Per decenni l’orbita terrestre è stata trattata come un’infrastruttura di supporto. Utile, indispensabile persino, ma di servizio. I satelliti servivano a comunicare, a individuare obiettivi, a guidare munizioni, a fornire dati di navigazione alle truppe che combattevano a migliaia di chilometri più in basso. Un’impalcatura invisibile su cui appoggiare le operazioni terrestri. Quelle capacità restano, ovviamente, ma secondo le dichiarazioni statunitensi rappresentano solo una parte di ciò per cui lo spazio verrà impiegato in futuro.

Cosa cambia con le armi in orbita

Il passaggio è sottile ma pesante. Finché lo spazio serve a osservare e trasmettere, resta un ambiente di supporto. Nel momento in cui ospita sistemi d’arma veri e propri, diventa un teatro operativo a tutti gli effetti. Ed è esattamente la direzione indicata dalle parole di Meink, che ha collegato questi strumenti alla protezione delle forze americane, quindi a una funzione difensiva dichiarata.

Detto questo, le incognite superano di gran lunga le certezze. Non si sa quanti sistemi siano stati effettivamente schierati. Non si sa quale tecnologia utilizzino. Non si sa dove si trovino, né con quale raggio d’azione operino. L’ammissione riguarda l’esistenza, non i dettagli, e su questo il riserbo resta totale. Una scelta comprensibile dal punto di vista militare, che però lascia gli osservatori a ragionare su un perimetro molto vago.

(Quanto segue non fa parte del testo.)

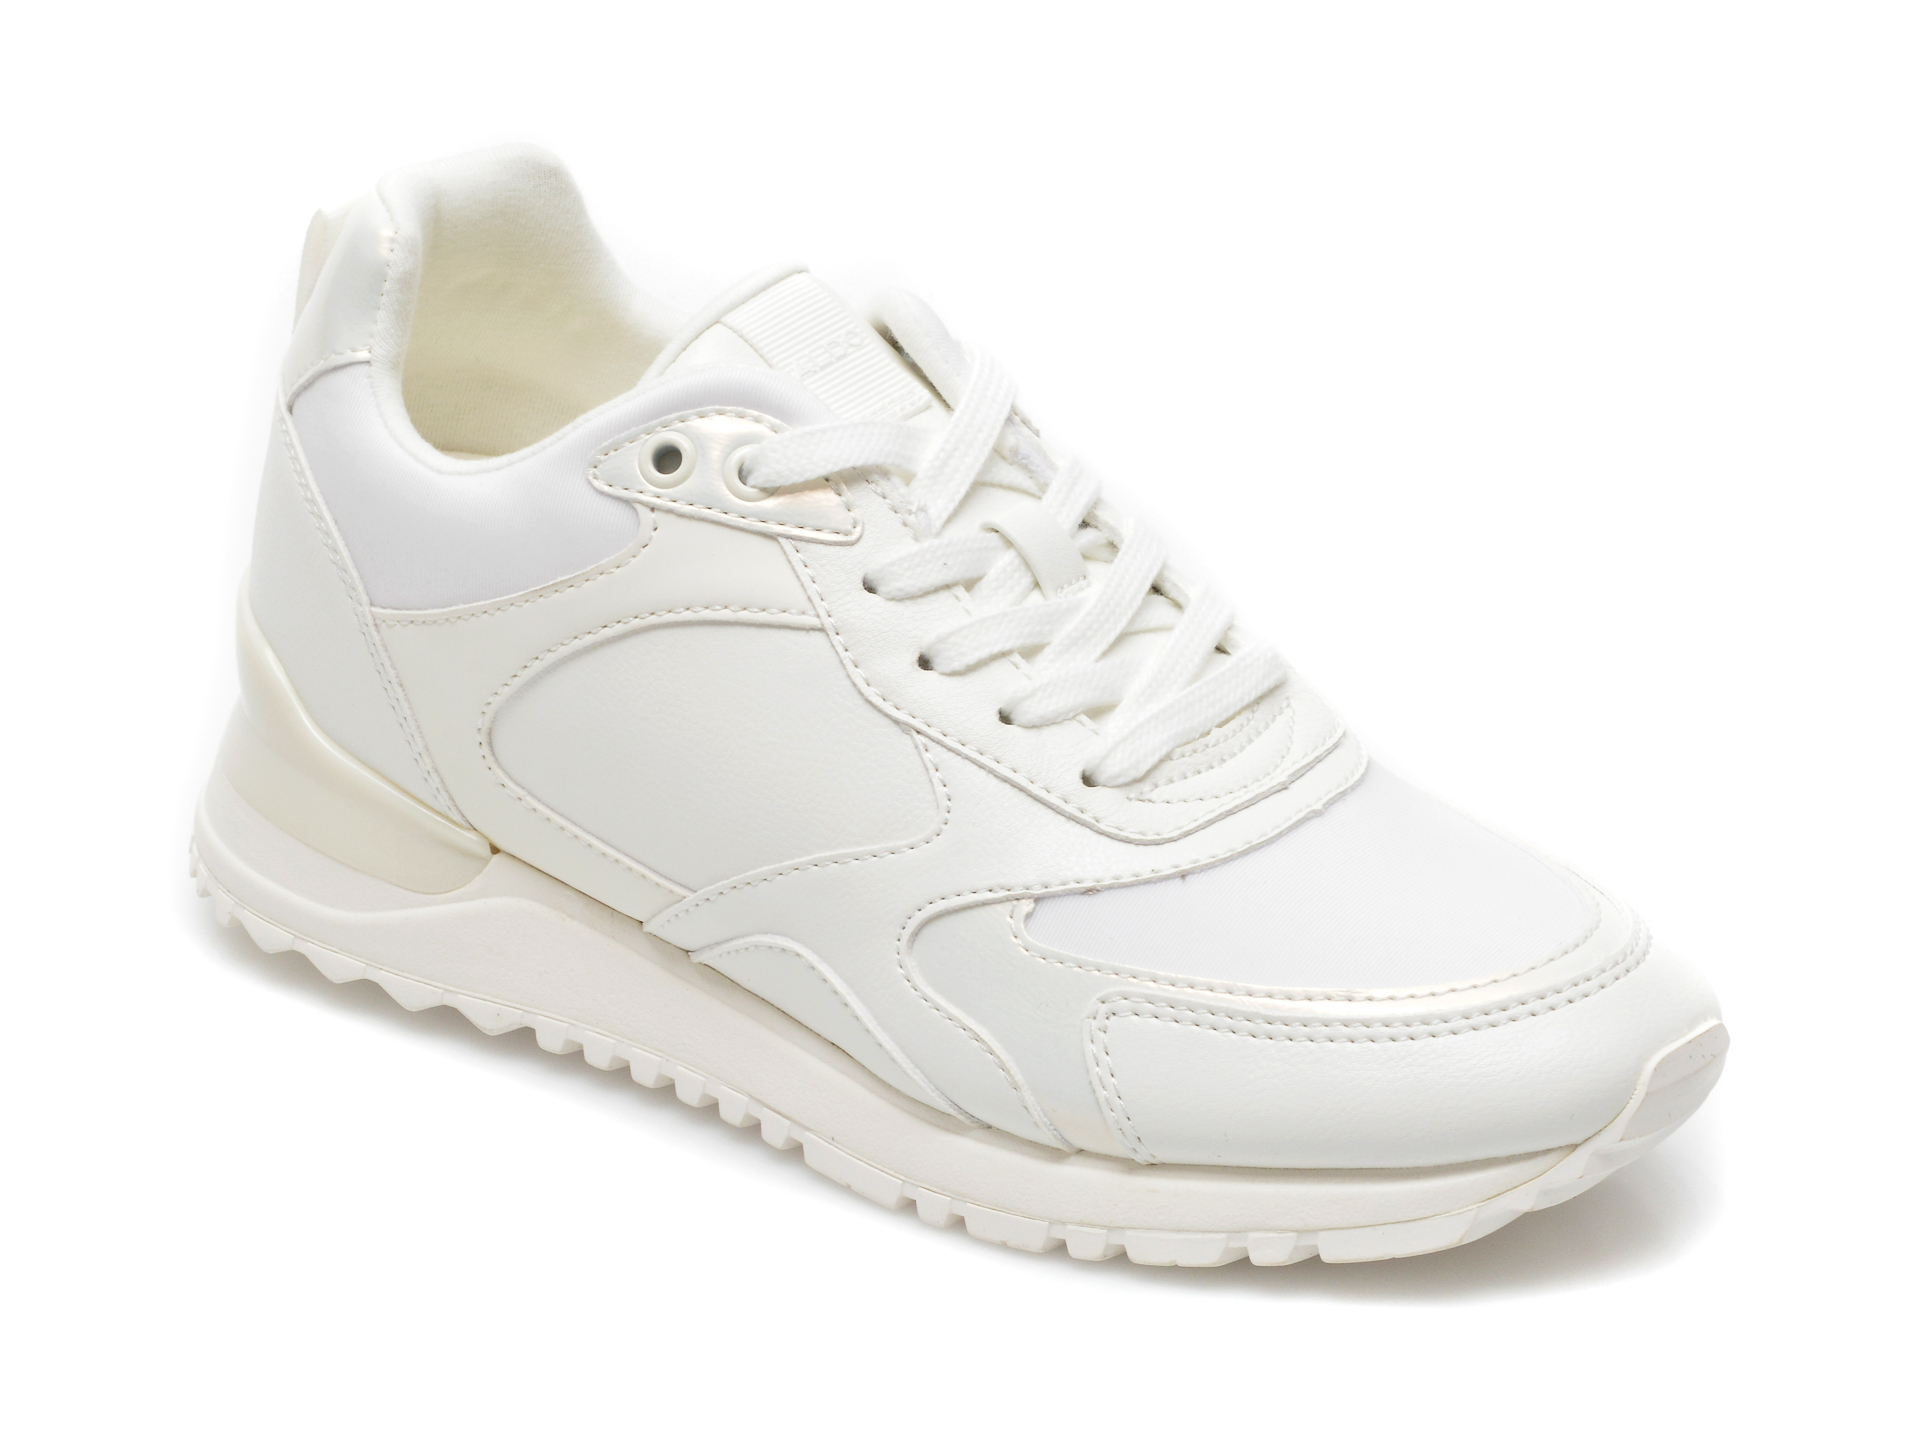 Pantofi sport ALDO albi, 13240903, din material textil si piele ecologica Aldo

Una conferma che pesa più delle cifre

Il valore di questa dichiarazione sta proprio nella sua natura pubblica. Le capacità di controllo dello spazio erano da tempo oggetto di discussione, di studi, di ipotesi. Tutt’altra cosa è sentirsele confermare dal vertice dell’Air Force davanti a una platea. Cambia il tono del confronto internazionale, perché quando una potenza dichiara di avere strumenti offensivi o difensivi in orbita, l’argomento smette di essere teorico.

C’è poi un aspetto che riguarda l’equilibrio tra le forze. L’orbita terrestre è affollata di assetti civili e militari, spesso intrecciati tra loro. Le stesse costellazioni che garantiscono la navigazione satellitare o le comunicazioni sono considerate obiettivi sensibili, e la loro vulnerabilità è il motivo per cui si parla di protezione. Le armi citate da Meink si inseriscono in questa logica, almeno secondo la lettura offerta dallo stesso segretario.

Restano sul tavolo le domande più scomode, quelle a cui nessuno ha risposto. Che tipo di minaccia questi sistemi siano progettati per neutralizzare, per esempio. O se la loro presenza in orbita sia stata comunicata in qualche forma agli alleati. L’ammissione è arrivata secca, senza corredo di numeri, senza schede tecniche, senza un quadro operativo. Il che, paradossalmente, la rende ancora più significativa: dichiarare l’esistenza di un’arma senza descriverla è un messaggio che funziona su due piani, quello informativo e quello politico.